| ← | 51st | 53rd | → |

Overview
- Legislative body: Delaware General Assembly
- Term: January 1, 1828 – January 6, 1829

= 52nd Delaware General Assembly =

American legislative session

The 52nd Delaware General Assembly (1828–1829) was a meeting of the legislative branch of the state government, consisting of the Delaware Senate and the Delaware House of Representatives. Elections were held the first Tuesday of October and terms began on the first Tuesday in January. It met in Dover, Delaware, convening January 1, 1828, two weeks before the beginning of the second year of the administration of Governor Charles Polk Jr.

The apportionment of seats was permanently assigned to three senators and seven representatives for each of the three counties. Population of the county did not affect the number of delegates. Both chambers had a Federalist majority.

==Leadership==

===Senate===
- Presley Spruance Jr., Kent County

===House of Representatives===
- William W. Morris, Kent County

==Members==

===Senate===
Senators were elected by the public for a three-year term, one third posted each year.

| New Castle County *Levi Boulden *Thomas Deakyne *John Harlan | Kent County *Elias Naudain Jr. *Joseph G. Oliver *Presley Spruance Jr. | Sussex County *Joseph Maull *Peter Robinson *Purnal Tindall |

===House of Representatives===
Representatives were elected by the public for a one-year term.

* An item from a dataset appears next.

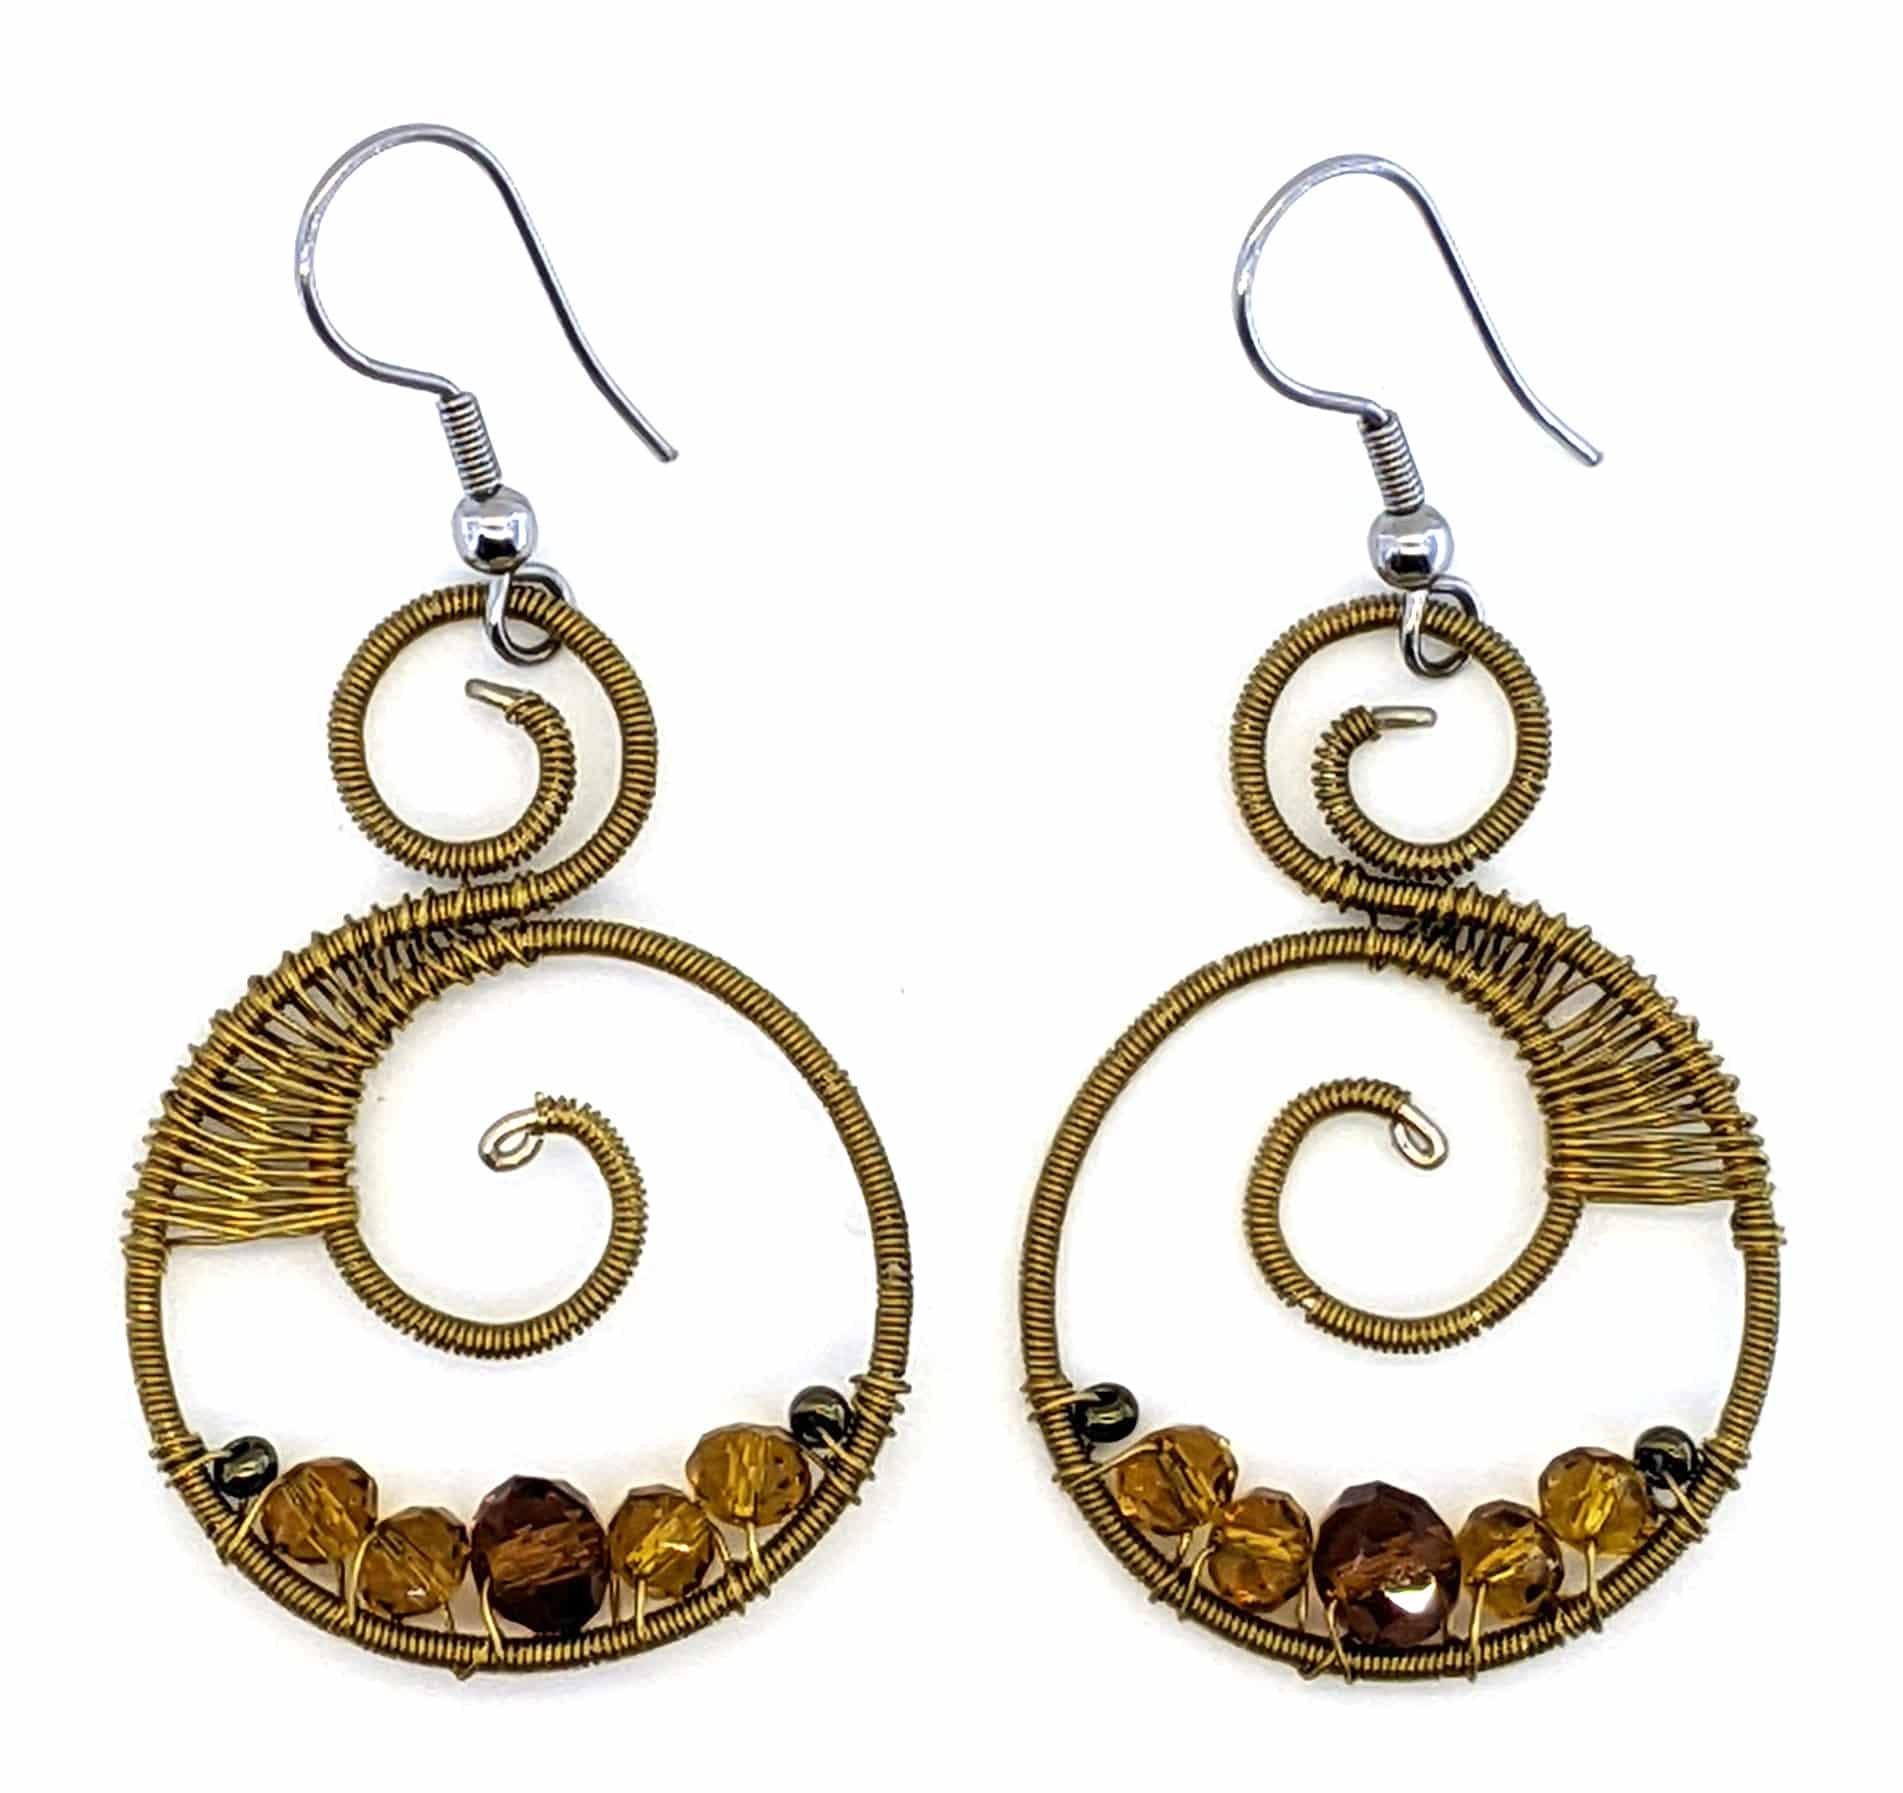 Curly Beaded Earrings - Golds

| New Castle County *James Delaplane *Daniel Newbold *William T. Read *William Seal *Harman Talley *Christopher Vandegrift *Benjamin Whitely | Kent County *John Booth *Peter L. Cooper Sr. *Mathias Day *James P. Lofland *William W. Morris *John Raymond *Samuel Virden | Sussex County *Thomas Davis *William Dunning *Caleb S. Layton *Kendall M. Lewis *John Tennent *George Truitt *John White |

==Places with more information==
- Delaware Historical Society; website; 505 North Market Street, Wilmington, Delaware 19801; (302) 655-7161.
- University of Delaware; Library website; 181 South College Avenue, Newark, Delaware 19717; (302) 831-2965.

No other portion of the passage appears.